AIM OF THE TASK: Among the entries below, one line contains "Original Apricot Schnapps" and another contains "A.P.C. Benoit Wool and Cotton-Blend Sweater". Transcribe those two lines and every line between them, exactly.

EXERCISE MATERIAL:
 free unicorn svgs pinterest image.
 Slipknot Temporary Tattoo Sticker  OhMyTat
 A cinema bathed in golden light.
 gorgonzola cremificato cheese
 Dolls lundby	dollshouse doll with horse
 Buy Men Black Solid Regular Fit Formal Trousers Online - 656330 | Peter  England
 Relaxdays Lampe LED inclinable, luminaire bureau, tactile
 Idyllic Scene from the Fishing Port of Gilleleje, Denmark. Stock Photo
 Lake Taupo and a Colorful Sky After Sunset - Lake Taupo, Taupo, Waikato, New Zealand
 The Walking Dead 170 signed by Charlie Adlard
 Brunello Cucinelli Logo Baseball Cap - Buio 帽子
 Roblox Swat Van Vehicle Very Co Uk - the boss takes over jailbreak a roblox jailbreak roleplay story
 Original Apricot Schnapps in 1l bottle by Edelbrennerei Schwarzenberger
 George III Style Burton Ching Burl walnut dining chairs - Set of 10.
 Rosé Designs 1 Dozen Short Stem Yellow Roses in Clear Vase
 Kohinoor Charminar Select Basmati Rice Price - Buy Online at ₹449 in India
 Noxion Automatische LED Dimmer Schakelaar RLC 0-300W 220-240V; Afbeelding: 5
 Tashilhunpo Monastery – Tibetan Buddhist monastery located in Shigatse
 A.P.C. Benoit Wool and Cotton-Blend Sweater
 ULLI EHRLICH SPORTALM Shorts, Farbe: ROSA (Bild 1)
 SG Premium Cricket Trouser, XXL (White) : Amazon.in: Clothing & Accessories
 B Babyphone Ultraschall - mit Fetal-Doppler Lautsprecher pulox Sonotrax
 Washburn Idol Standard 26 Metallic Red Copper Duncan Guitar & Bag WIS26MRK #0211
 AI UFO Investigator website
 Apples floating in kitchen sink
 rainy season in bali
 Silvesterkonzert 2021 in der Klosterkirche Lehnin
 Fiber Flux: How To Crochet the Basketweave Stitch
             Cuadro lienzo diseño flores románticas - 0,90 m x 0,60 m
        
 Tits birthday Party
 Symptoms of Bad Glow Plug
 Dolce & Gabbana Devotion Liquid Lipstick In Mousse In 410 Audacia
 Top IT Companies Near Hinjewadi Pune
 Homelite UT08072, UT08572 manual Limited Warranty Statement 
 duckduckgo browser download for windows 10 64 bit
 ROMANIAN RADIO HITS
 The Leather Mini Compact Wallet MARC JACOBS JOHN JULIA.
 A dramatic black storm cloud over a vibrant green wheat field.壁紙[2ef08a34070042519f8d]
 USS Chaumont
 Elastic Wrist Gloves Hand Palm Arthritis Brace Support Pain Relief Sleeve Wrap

EXPECTED OUTPUT:
 Original Apricot Schnapps in 1l bottle by Edelbrennerei Schwarzenberger
 George III Style Burton Ching Burl walnut dining chairs - Set of 10.
 Rosé Designs 1 Dozen Short Stem Yellow Roses in Clear Vase
 Kohinoor Charminar Select Basmati Rice Price - Buy Online at ₹449 in India
 Noxion Automatische LED Dimmer Schakelaar RLC 0-300W 220-240V; Afbeelding: 5
 Tashilhunpo Monastery – Tibetan Buddhist monastery located in Shigatse
 A.P.C. Benoit Wool and Cotton-Blend Sweater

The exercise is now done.